The Death of a Spirit-Filled Man
Now when they heard these things they were enraged, and they ground their teeth against him. But he, full of the Holy Spirit, gazed into heaven and saw the glory of God, and Jesus standing at the right hand of God; and he said, "Behold, I see the heavens opened, and the Son of man standing at the right hand of God." But they cried out with a loud voice and stopped their ears and rushed together upon him. Then they cast him out of the city and stoned him; and the witnesses laid down their garments at the feet of a young man named Saul. And as they were stoning Stephen, he prayed, "Lord Jesus, receive my spirit." And he knelt down and cried with a loud voice, "Lord, do not hold this sin against them." And when he had said this, he fell asleep. And Saul was consenting to his death.
The Death of Andrew Rivet
Andrew Rivet was a Frenchman who was born in 1573 and spent most of his life in Holland as professor of theology at the University of Leyden. He was a great theologian and full of the Holy Spirit and faith, as Luke says of Stephen (Acts 6:5). On Christmas Day 1650, when he was 77 years old, he preached a sermon, and was immediately afterwards taken ill with a severe disease of the abdomen. He died on January 7, 1651.

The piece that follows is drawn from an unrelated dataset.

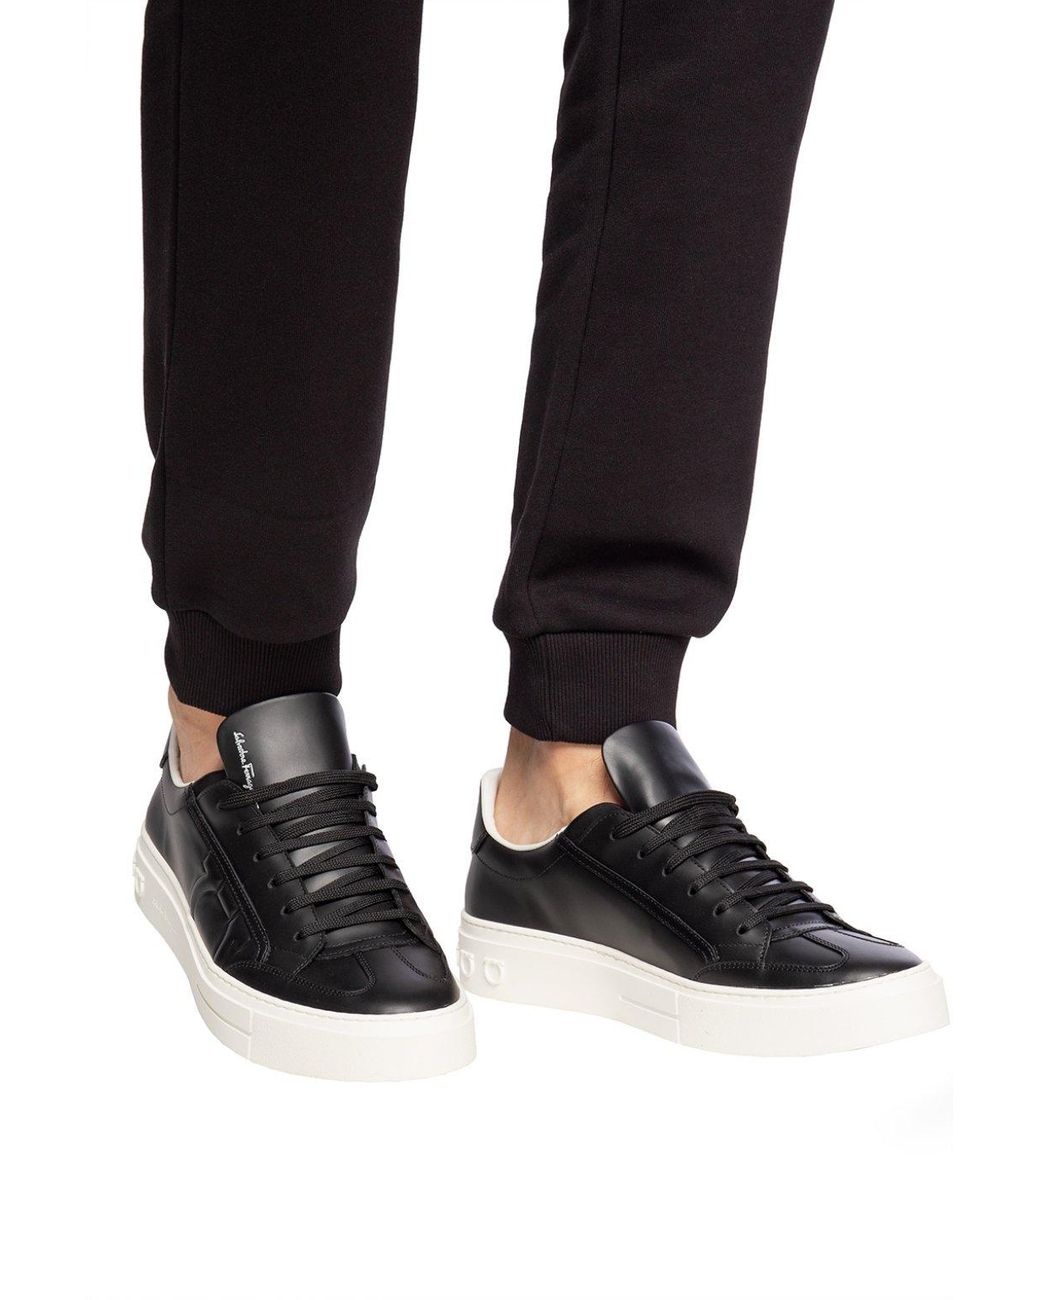 Ferragamo Leather 'borg' Sneakers in Black for Men - Lyst

He had been a devout man of God and a productive scholar for the kingdom for over 50 years. But when he came to die, God—in a very real sense—did more for him in those last few days of life than in all the years before. Listen to what he said just before he died:
The sense of divine favor increases in me every moment. My pains are tolerable, and my joys inestimable. I am no more vexed with earthly cares. I remember when any new book came out, how earnestly I have longed after it—but now all that is but dust. You are my all, O Lord; my good is to approach to you. O what a library I have in God, in whom are all the treasures of wisdom and knowledge! You are the teacher of spirits—I have learned more divinity in these ten days that you have come to visit me, than I did in fifty years before. (Archibald Alexander, Thoughts on Religious Experience, London: The Banner of Truth Trust, 1967, p. 207)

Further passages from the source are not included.